= Problem details =
In the entries below, find the line with "Grabとの戦いで、G7タク" and the line with "CHANEL 18C Iridescent"; reproduce those two lines and all lines between them exactly, without pictures.

= Records provided =
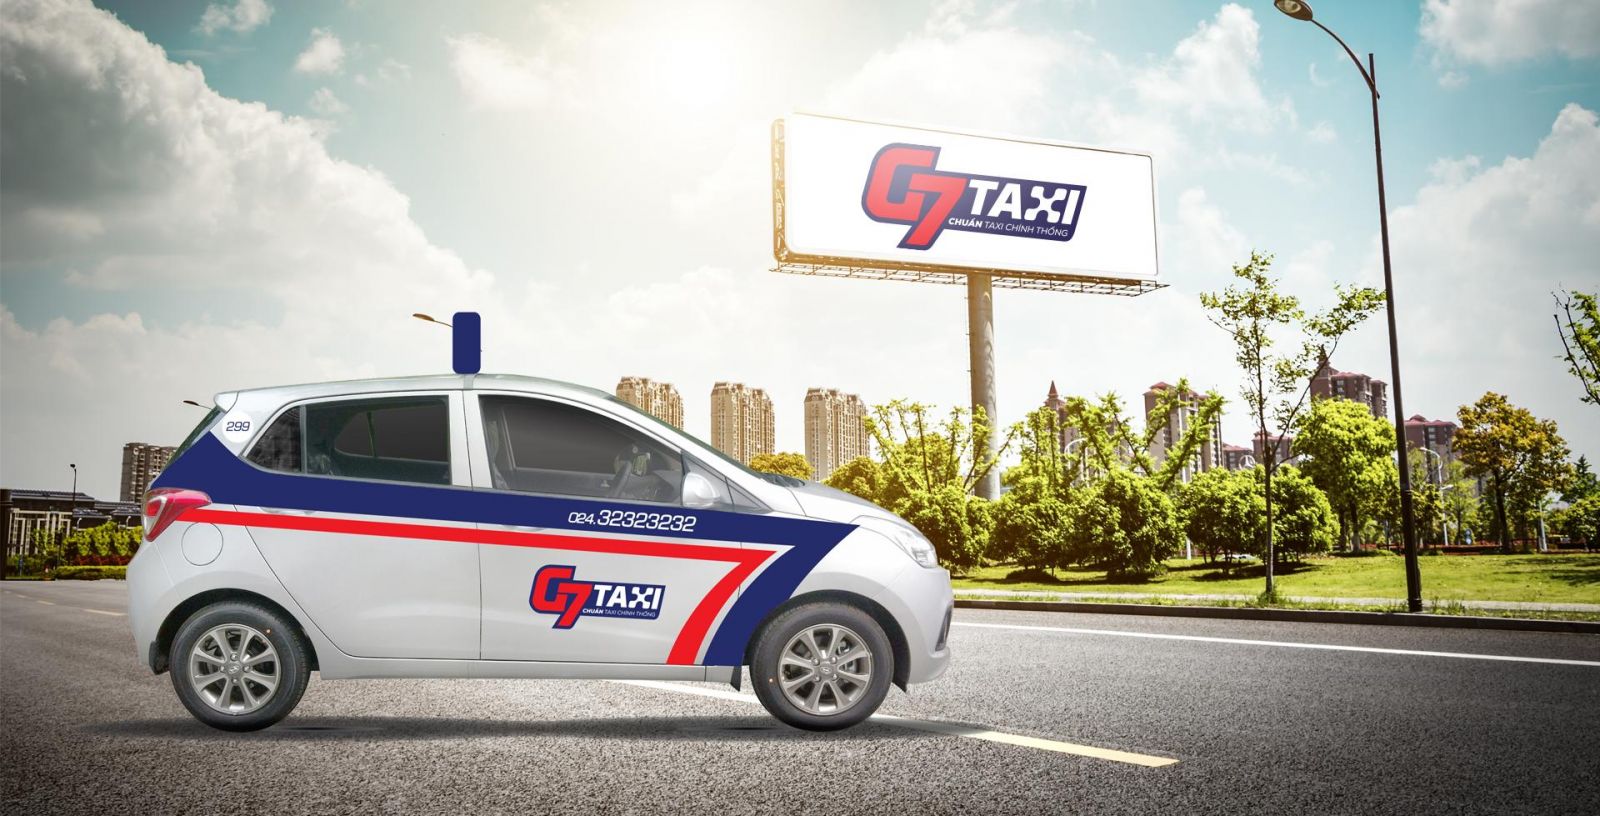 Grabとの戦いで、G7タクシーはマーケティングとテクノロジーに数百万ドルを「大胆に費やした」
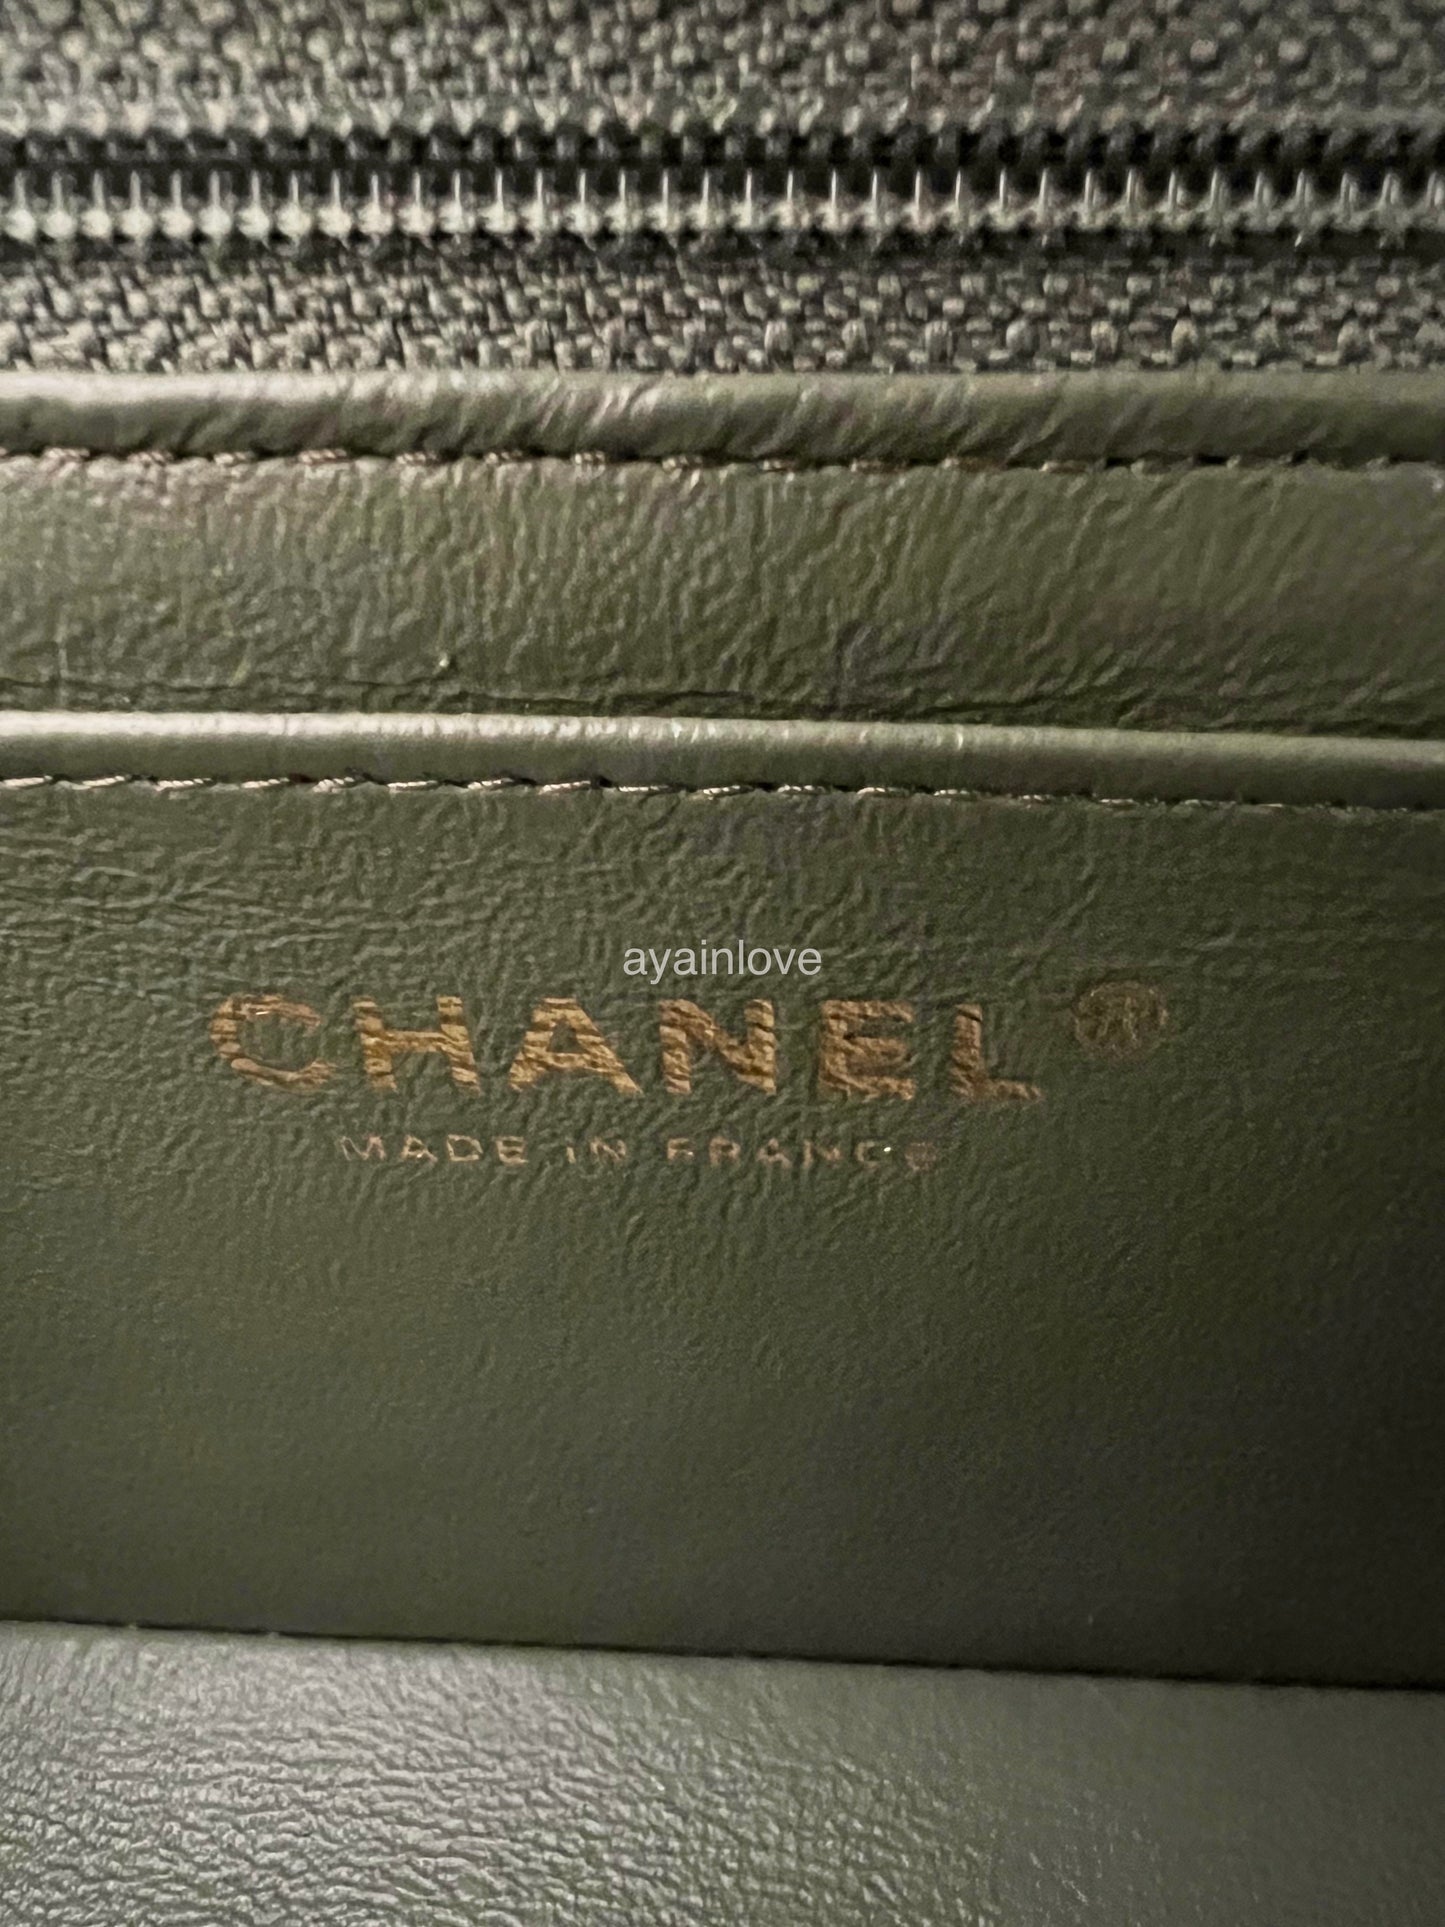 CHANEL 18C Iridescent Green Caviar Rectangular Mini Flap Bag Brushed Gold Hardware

--

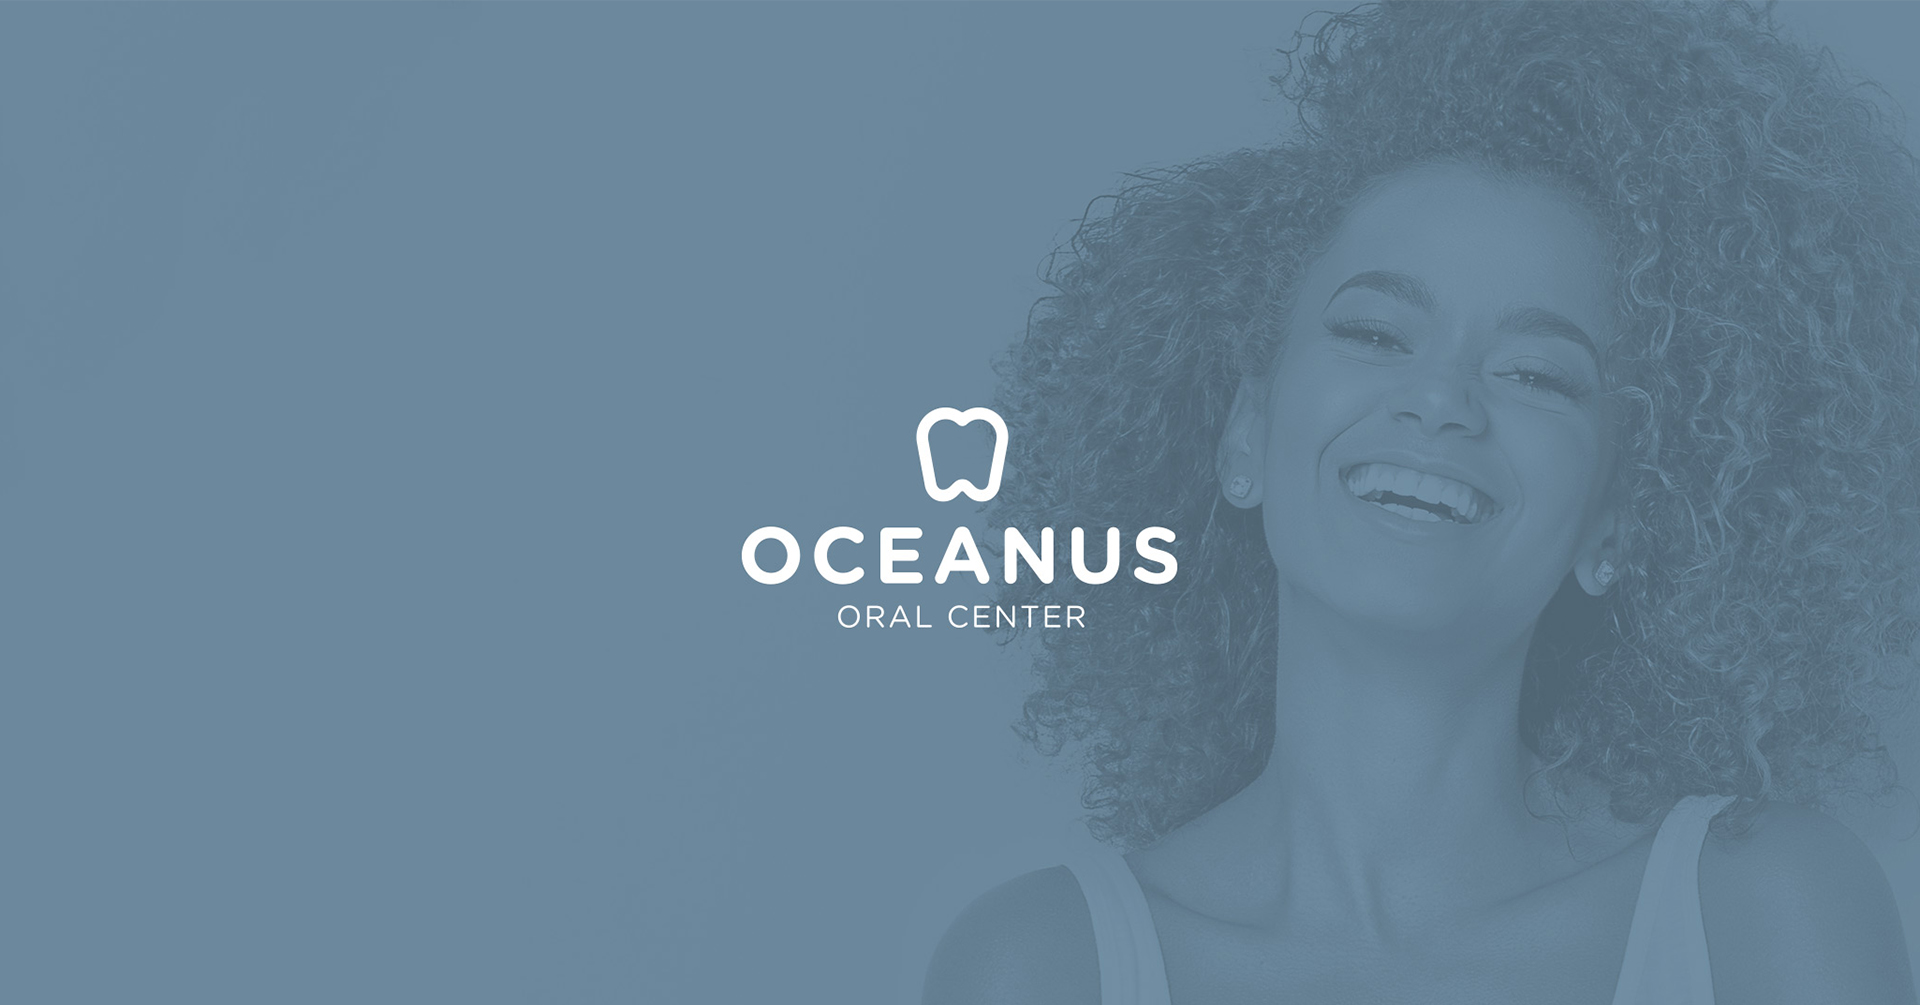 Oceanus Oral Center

==

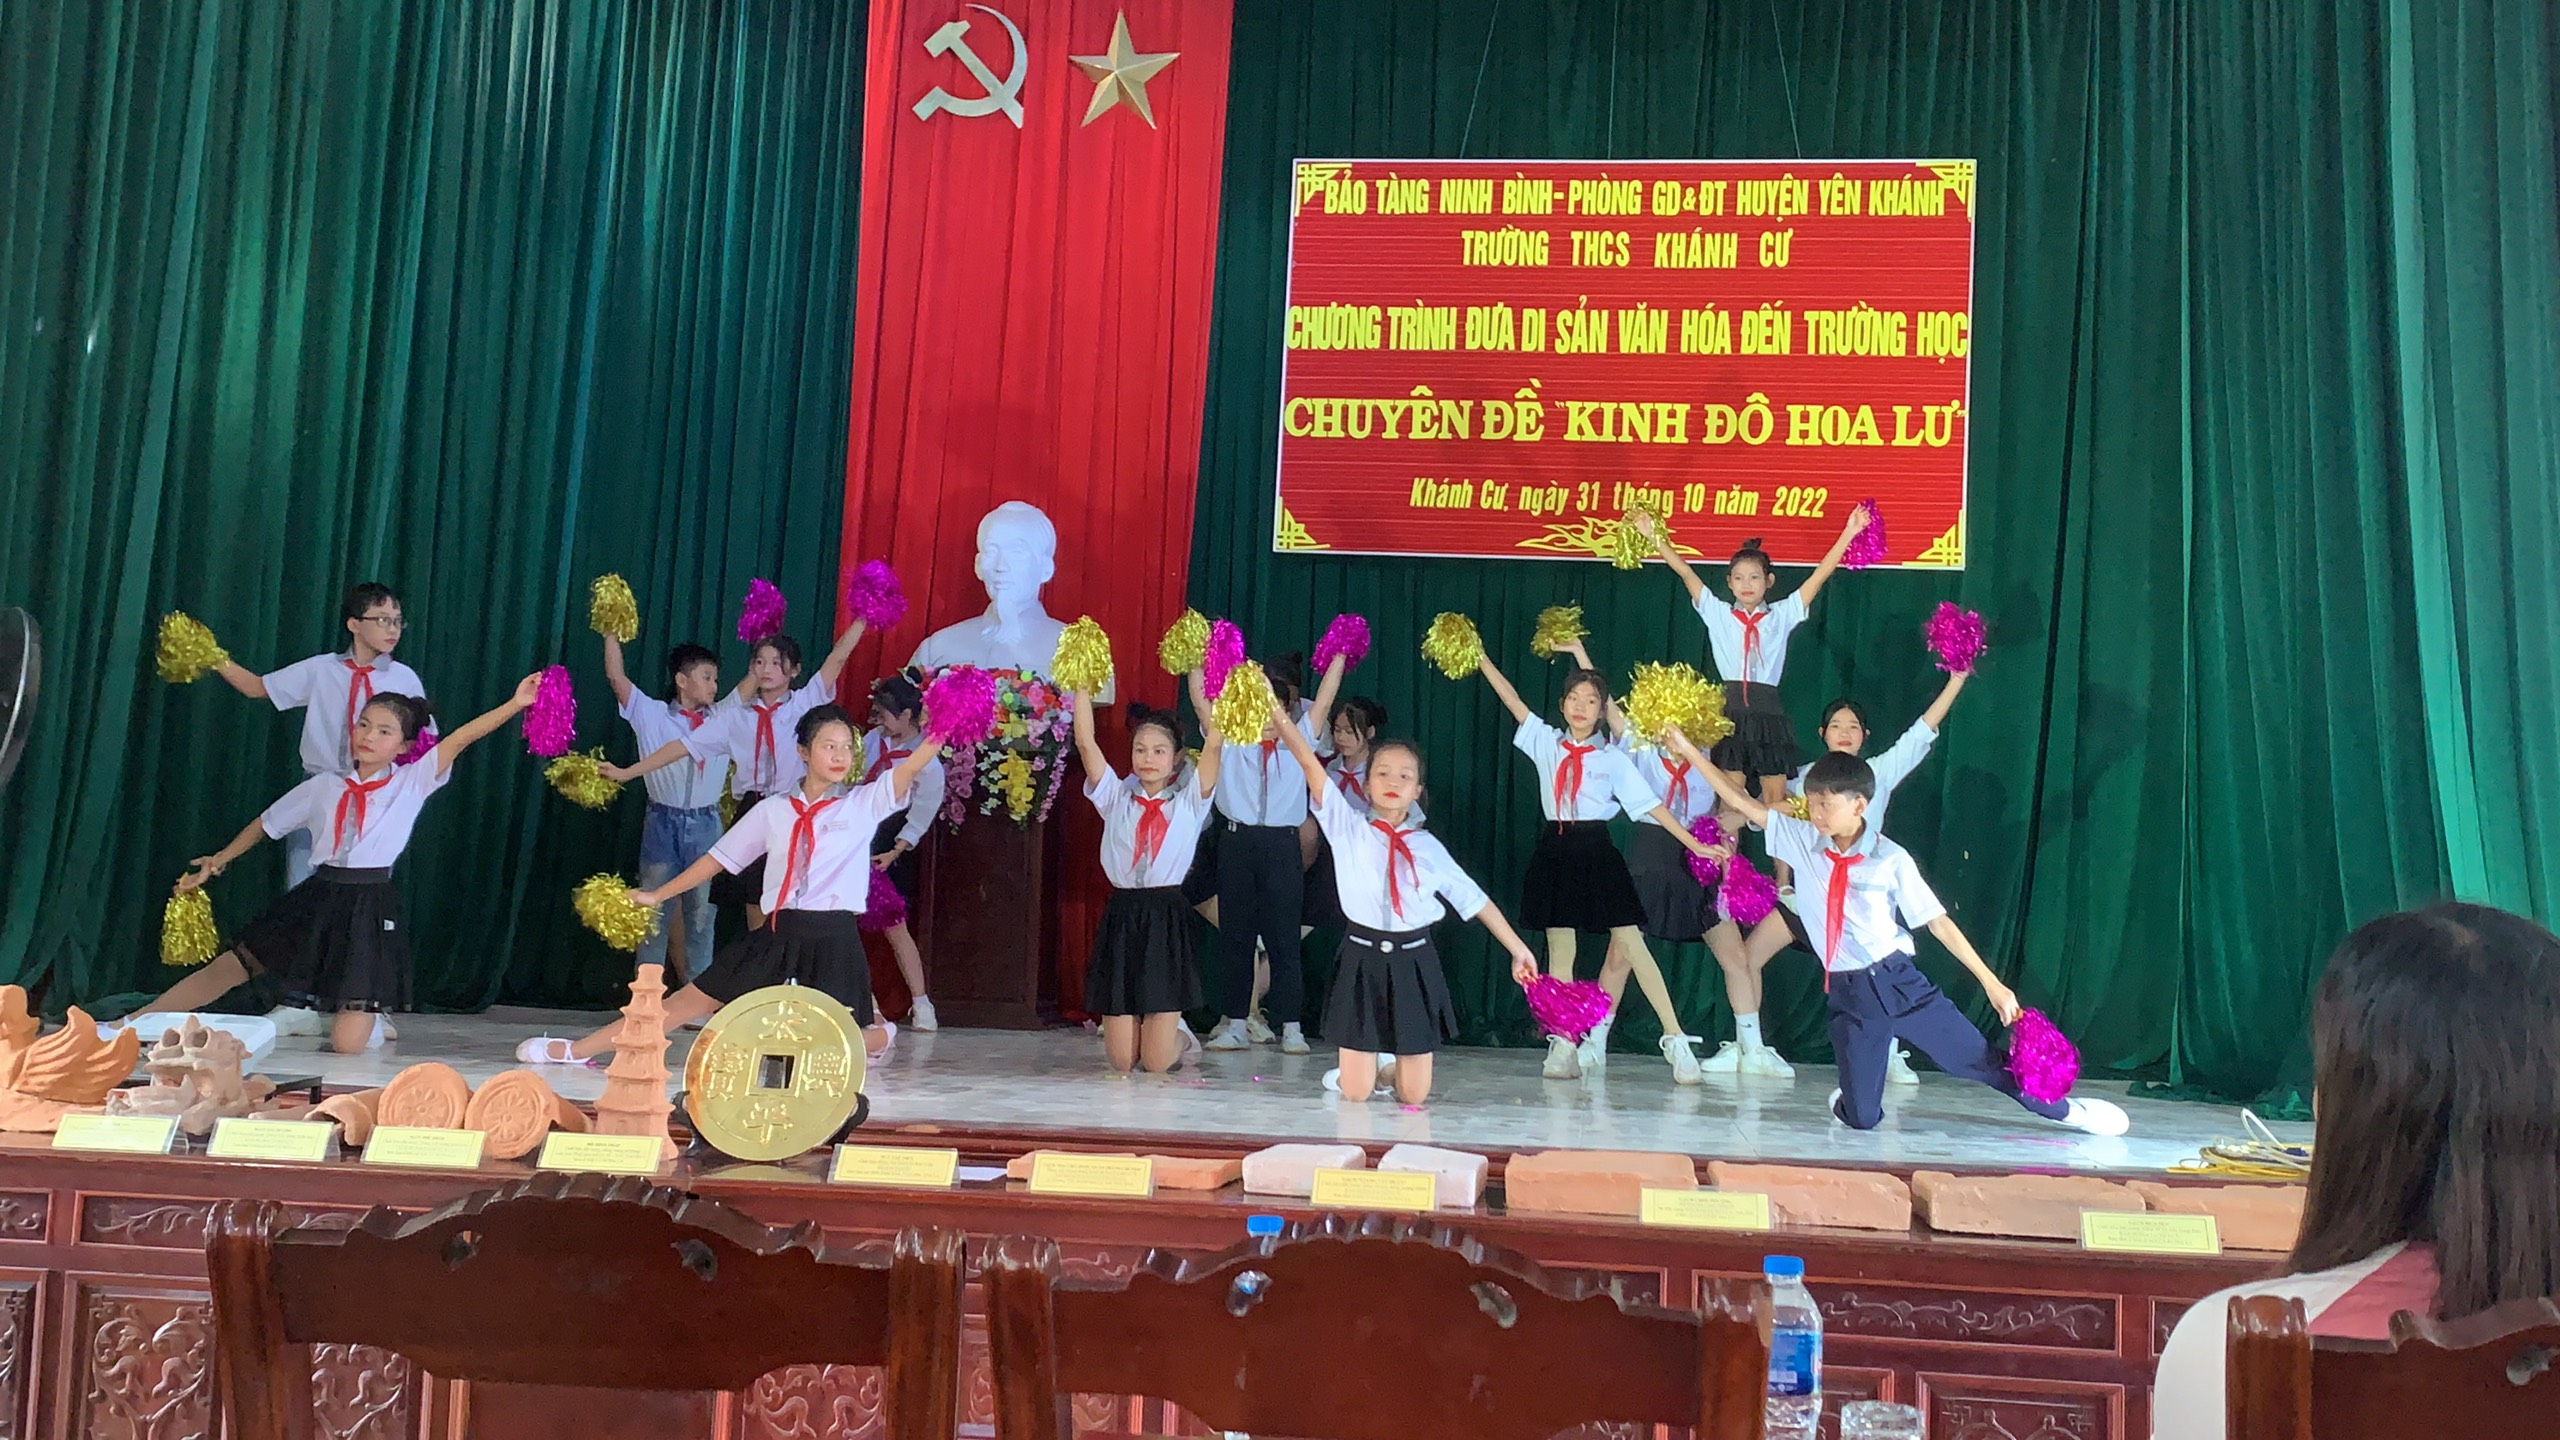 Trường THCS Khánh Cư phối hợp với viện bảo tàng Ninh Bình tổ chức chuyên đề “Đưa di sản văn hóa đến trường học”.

= Task output =
 Grabとの戦いで、G7タクシーはマーケティングとテクノロジーに数百万ドルを「大胆に費やした」
 CHANEL 18C Iridescent Green Caviar Rectangular Mini Flap Bag Brushed Gold Hardware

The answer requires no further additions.